Source data:
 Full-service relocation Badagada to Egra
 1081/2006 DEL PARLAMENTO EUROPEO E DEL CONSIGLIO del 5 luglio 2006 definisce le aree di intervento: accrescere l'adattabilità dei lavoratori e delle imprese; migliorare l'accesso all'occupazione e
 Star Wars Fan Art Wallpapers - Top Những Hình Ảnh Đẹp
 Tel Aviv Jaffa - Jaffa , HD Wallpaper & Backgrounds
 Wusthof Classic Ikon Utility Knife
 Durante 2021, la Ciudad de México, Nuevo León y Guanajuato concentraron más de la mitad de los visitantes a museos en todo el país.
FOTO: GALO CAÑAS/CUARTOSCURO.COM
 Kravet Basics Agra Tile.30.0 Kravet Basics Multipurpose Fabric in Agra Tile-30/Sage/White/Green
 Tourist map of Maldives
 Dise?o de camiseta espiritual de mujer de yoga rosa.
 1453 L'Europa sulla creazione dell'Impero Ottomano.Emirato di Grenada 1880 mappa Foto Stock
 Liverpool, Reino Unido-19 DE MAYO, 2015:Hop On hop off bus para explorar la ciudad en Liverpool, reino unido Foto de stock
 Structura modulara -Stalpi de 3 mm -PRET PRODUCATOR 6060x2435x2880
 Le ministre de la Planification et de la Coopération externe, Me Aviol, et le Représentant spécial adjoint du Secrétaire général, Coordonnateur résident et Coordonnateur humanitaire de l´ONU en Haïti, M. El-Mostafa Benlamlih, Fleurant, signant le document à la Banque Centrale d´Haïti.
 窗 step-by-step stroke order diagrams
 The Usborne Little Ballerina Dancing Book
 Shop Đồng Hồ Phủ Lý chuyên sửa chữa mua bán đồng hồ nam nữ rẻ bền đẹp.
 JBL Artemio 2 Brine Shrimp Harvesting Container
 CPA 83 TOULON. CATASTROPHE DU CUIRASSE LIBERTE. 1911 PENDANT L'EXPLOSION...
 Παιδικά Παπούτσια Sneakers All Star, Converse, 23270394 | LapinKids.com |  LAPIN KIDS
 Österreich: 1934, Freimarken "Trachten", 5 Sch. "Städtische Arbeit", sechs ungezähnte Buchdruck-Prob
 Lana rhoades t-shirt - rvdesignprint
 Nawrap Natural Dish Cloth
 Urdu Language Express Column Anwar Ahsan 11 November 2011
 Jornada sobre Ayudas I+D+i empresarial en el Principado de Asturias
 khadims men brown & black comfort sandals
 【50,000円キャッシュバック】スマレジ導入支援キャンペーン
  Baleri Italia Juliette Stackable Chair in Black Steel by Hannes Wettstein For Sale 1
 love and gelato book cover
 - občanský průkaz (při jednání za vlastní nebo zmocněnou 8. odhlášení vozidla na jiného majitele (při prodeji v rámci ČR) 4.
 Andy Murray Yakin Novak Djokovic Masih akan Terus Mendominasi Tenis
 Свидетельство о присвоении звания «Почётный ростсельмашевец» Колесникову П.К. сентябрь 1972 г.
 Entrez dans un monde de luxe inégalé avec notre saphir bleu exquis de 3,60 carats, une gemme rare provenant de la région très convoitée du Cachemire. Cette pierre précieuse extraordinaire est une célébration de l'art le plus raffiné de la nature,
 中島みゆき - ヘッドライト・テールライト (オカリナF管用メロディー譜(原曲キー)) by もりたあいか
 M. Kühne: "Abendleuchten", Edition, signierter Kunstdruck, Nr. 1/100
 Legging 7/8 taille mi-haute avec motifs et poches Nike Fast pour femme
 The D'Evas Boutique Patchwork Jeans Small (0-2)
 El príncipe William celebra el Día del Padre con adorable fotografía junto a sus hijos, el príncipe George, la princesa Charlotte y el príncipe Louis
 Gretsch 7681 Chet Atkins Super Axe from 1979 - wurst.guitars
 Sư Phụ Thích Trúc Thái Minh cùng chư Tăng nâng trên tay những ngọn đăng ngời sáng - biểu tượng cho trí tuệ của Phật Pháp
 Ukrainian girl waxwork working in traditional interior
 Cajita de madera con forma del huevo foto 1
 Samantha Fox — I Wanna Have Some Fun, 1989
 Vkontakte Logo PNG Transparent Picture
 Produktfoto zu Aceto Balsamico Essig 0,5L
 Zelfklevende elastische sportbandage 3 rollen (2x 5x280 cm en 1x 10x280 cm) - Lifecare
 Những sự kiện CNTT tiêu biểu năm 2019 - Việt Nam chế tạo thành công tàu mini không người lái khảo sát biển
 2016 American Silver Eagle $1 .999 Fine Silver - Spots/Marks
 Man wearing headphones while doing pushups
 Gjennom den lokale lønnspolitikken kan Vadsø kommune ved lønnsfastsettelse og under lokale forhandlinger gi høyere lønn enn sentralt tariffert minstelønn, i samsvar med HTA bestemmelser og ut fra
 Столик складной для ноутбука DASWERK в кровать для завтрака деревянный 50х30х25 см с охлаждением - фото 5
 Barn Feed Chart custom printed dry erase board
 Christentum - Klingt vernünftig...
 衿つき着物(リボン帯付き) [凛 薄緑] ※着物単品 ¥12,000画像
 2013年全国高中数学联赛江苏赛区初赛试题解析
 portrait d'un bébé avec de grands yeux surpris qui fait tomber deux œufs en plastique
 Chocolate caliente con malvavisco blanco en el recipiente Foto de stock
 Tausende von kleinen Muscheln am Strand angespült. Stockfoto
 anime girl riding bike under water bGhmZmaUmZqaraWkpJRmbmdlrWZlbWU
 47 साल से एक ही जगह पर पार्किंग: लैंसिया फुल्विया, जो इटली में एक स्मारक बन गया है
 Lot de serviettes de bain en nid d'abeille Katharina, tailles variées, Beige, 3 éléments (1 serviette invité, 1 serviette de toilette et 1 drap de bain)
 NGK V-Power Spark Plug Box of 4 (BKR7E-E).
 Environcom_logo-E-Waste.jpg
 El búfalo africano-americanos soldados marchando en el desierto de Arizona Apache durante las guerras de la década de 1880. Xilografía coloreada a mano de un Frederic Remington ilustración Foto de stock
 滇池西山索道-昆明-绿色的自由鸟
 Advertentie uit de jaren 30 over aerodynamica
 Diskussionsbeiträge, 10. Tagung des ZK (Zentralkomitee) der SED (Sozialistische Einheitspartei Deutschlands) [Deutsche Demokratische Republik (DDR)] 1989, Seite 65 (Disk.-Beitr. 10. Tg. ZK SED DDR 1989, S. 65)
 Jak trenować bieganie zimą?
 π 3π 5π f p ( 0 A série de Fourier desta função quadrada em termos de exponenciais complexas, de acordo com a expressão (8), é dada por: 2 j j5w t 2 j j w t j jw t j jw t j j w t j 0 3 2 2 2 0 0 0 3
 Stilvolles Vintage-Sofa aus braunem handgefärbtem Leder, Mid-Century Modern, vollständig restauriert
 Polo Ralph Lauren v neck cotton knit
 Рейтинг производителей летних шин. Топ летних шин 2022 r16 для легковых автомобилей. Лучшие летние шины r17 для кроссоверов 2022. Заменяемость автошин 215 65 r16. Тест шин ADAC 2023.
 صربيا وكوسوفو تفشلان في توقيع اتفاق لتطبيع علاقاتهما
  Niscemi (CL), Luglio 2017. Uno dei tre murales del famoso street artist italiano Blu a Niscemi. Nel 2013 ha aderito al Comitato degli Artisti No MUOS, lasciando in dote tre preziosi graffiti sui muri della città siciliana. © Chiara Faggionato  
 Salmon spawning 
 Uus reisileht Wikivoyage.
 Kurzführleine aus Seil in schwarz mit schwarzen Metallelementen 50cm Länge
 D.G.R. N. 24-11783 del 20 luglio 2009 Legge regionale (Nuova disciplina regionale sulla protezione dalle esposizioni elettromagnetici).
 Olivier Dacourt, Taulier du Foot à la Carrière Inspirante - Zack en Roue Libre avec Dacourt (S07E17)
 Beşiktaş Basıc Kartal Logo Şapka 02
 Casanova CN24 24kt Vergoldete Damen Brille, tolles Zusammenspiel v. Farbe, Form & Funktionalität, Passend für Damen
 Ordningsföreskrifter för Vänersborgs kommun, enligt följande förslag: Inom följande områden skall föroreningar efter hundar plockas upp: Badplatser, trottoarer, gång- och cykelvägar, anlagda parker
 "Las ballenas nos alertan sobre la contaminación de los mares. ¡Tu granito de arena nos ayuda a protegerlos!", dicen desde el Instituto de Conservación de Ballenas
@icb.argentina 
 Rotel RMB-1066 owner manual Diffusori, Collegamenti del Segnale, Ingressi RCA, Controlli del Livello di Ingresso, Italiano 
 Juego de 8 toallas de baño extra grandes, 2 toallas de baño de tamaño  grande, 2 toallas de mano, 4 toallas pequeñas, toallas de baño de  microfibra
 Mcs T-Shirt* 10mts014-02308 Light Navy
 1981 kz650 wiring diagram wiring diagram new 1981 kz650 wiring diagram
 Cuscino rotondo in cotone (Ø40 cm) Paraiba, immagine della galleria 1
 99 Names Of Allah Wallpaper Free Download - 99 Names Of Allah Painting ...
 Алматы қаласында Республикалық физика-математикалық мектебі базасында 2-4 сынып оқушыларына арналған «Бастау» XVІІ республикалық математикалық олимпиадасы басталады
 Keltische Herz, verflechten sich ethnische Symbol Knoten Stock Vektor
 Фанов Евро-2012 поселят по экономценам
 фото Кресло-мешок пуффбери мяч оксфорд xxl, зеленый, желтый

WORK INSTRUCTIONS:
Keep to the lines from the one containing "Keltische Herz, verflechten" to the end of the entries above, and retype them exactly.

RESPONSE FOR THIS EXERCISE:
 Keltische Herz, verflechten sich ethnische Symbol Knoten Stock Vektor
 Фанов Евро-2012 поселят по экономценам
 фото Кресло-мешок пуффбери мяч оксфорд xxl, зеленый, желтый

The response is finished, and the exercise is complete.